Saturday, January 21, 2012

Snake Eyes (1998)

It's easy to roll your eyes or shrug when it comes to, respectively, Nicholas Cage and Brian DePalma.  I feel no need to point out their uneven, sometimes reckless careers, their stubborn unwillingness to behave, their bizarre turns as actor and director.  But together in Snake Eyes something almost perfect happens--and sure it's reckless and bizarre, like the man said; but also (as each has managed before and since) so aggressive in knowing this that I grin and more than bear it.  From the famous opening sequence--a continuous shot that could be a pretty good short-subject thriller on its own--to the determined use of space--that mazelike convention center buffeted by winds and bad guys--to Cage's own headlong rush into everything DePalma throws at him--including Gary Sinise, following up his krazy kidnapping kop in 1996's Ransom (where Sinise was able to withstand a ride on another madman's roller coaster, the always-caffeinated Mel Gibson*)--Snake Eyes conjures, one more time, the Cage/DePalma alternate universe of sight, sound, and Outer Limits emoting that means nothing except a little world made deliriously by two of the stalwarts of this kind of good craziness.

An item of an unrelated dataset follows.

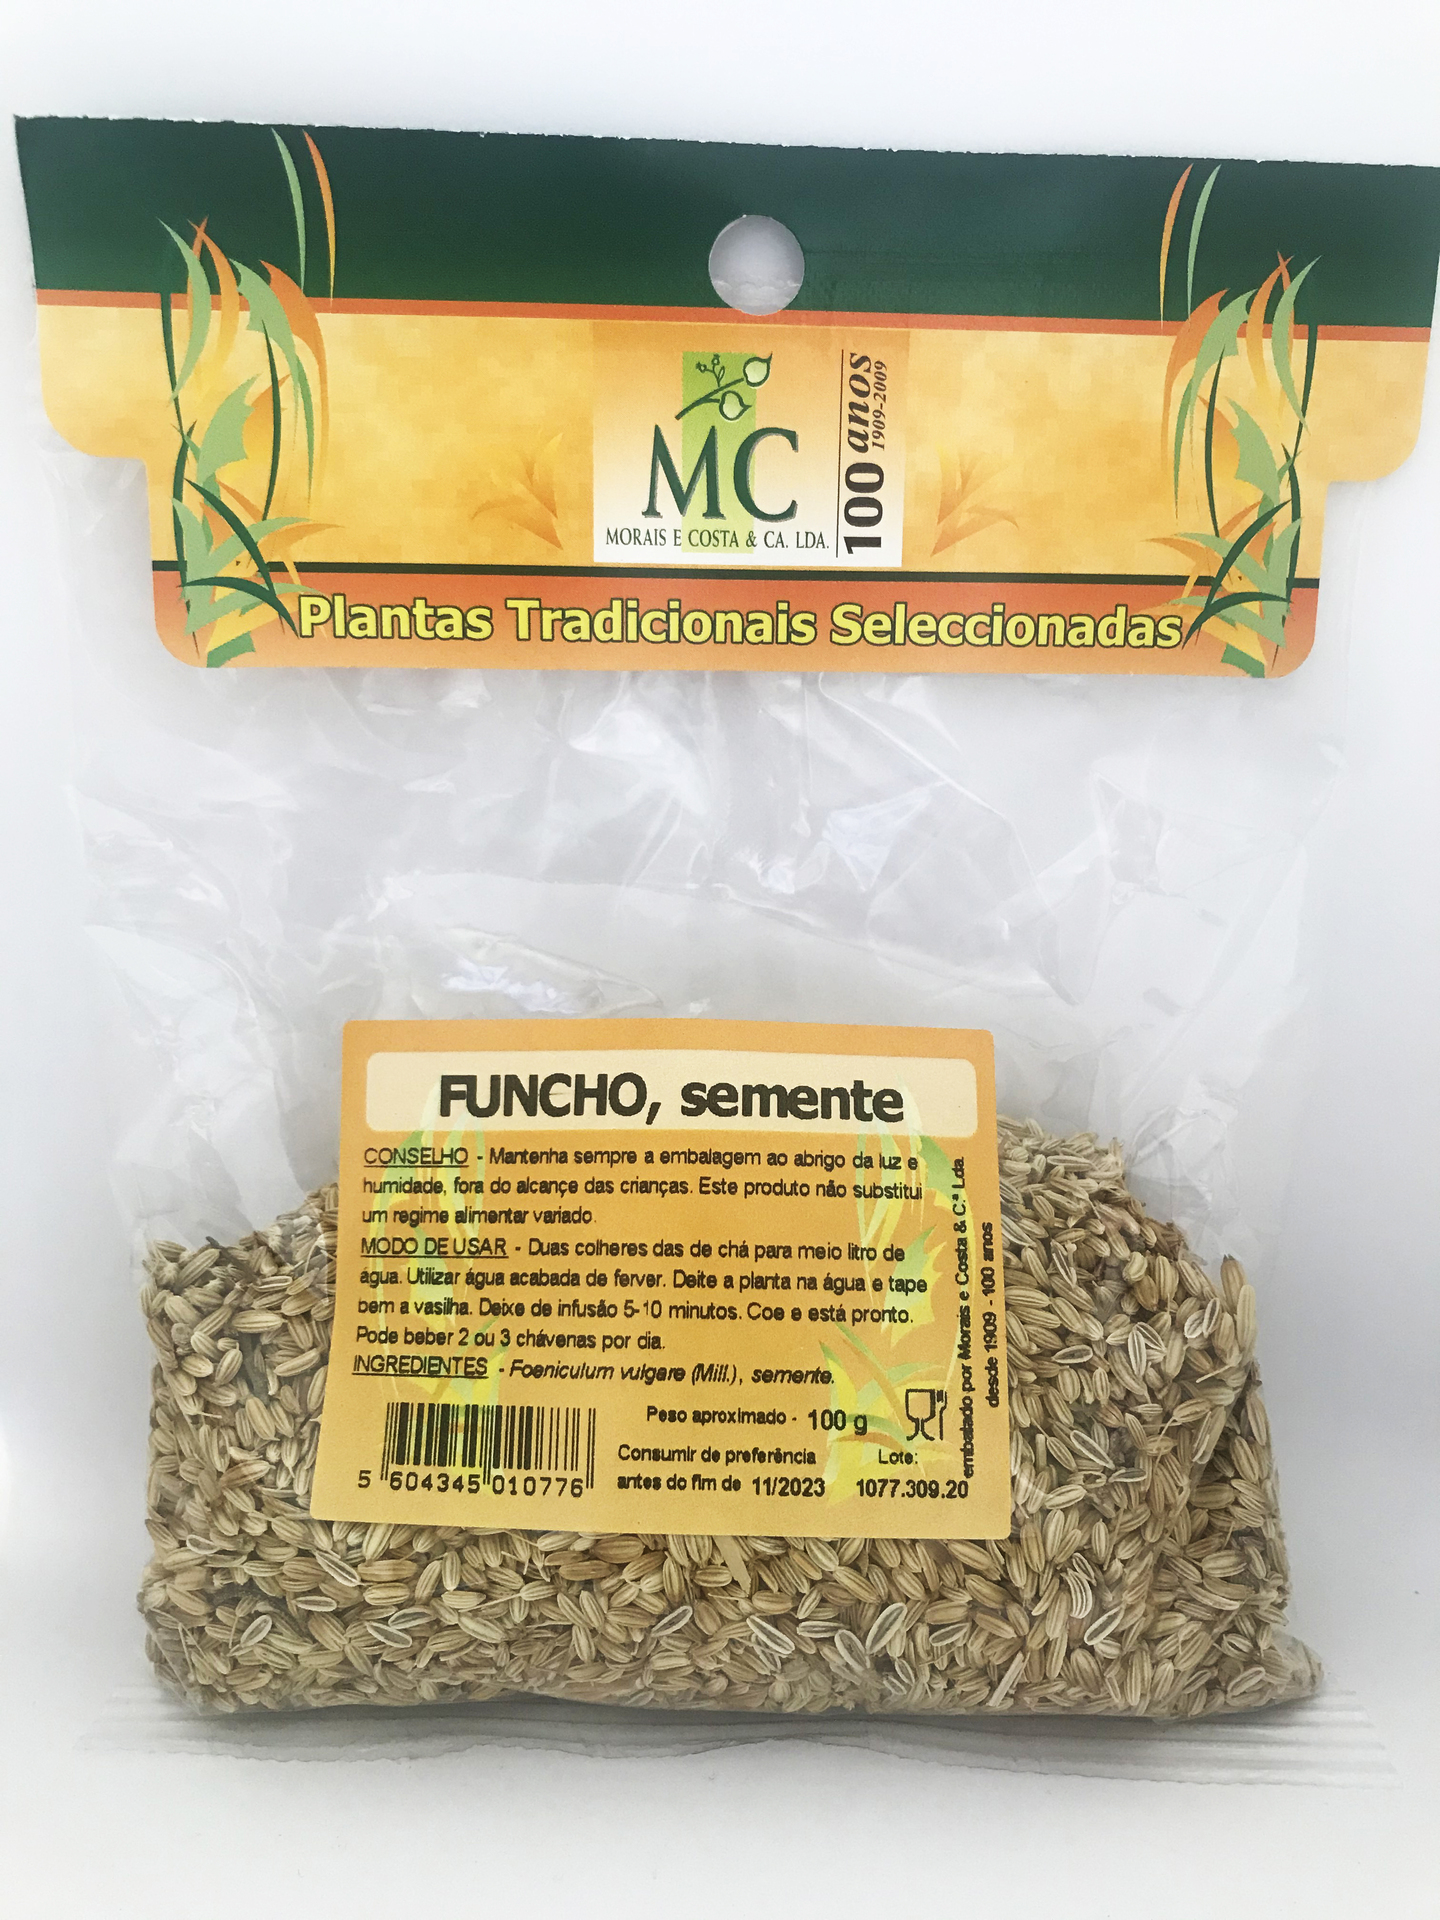 Funcho, semente

*And don't look to me if you want Mel-bashing; I'm with Robert Downey, Jr. on this; hug the cactus, people: http://youtu.be/-zI1V1yQ30U

Friday, January 13, 2012

The Thin Red Line (1998)


As we head toward the Oscar nominations, I'm hoping Terence Malick's The Tree of Life isn't overlooked.  In some ways it is a "difficult" movie—shifting from the cosmic to the mundane with nary a violin crescendo to warn us, its narrative structure committed to the conceit that what we are seeing is all memory, personal as well as collective-unconsciously.  For others, though, it's what Roger Ebert recently in a blog entry on the movie Contact referred to (with some affection) as "New Age woo-woo."  I was knocked out by The Tree of Life, joining others who couldn't help comparing it to 2001—another acid test of one's tolerance for High Woo-Woo.

Anyway, in case you're following the Oscars but not Malick's career, you might want to check out The Thin Red Line, Malick's 1998 film about, among many other things, the battle for Guadalcanal in the Pacific during WWII.  The cast is extensive—including Nick Nolte, Sean Penn, George Clooney, Adrien Brody, James Caviezel, Woody Harrelson, John Cusack, Elias Koteas, John C. Reilly, John Travolta, and Tim Blake Nelson (whew!)—but to this he adds a larger cast, the same one he features in The Tree of Life: Nature herself, cloud and insect, ocean and leaf.  This is a "war movie" (almost) in the same way that his current picture is a "family drama"—although The Thin Red Line does seem more grounded in recognizable combat film conventions, from chain-of-command infighting and sweeping battle scenes to G.I. Joes and their stories and hopes and fears.  Still, it is almost three hours of meditation on war as much as it is war movie.  But, as with all of his (few--five since 1973!) films, one's patience is rewarded.  Like any "true" artist, he goes where he will; we follow if we choose, no matter to him.

Friday, January 6, 2012

True Grit (2010)

Just passing along some good news: one of the best films of recent years, True Grit, is on Instant Play. It's a beautiful movie--its landscapes not as dramatic as the 1969 version, but photographed so well, the characters and action framed in spaces that look nothing like "scenery." And it's maybe one of the Coen bros.' most morally complex films, in that the justice enacted is fraught with losses, and the plucky young heroine is forced to see each one, and learn to live with them. Besides, the narration is typically Coen-perfect, and Jeff Bridges rolls himself up into a ball bigger and messier than the Dude's. All in all, one of those rare occasions when a remake makes perfect sense.

Thursday, January 5, 2012

Parents (1989)


I've decided to revive this site--and the strongest motivation is the return of this dark comedy. Parents satirizes an easy target--1950s-style suburbia--but does so with an old-school "sick humor" attitude that is reminiscent of not only the '50s but the kind of humor that decade inspired--pure E.C. comics/Mad magazine "humor in a jugular vein." I'm not entirely happy with the climax, but 90% of this movie is as creepy, funny, lurid, and at times downright nightmarish as one could wish--if one harbors such dark wishes.

Again, it's good to be back--although maybe I've should've chosen a less unsavory movie to kick off the new year. Oh, well: Enjoy Randy Quaid at his skinny-tie (and waistline!) best, along with Mary Beth Hurt as perky as Barbara Billingsley with a cleaver (heh-heh-heh)--and Sandy Dennis, who doesn't even have to try to fit right into this kind of material.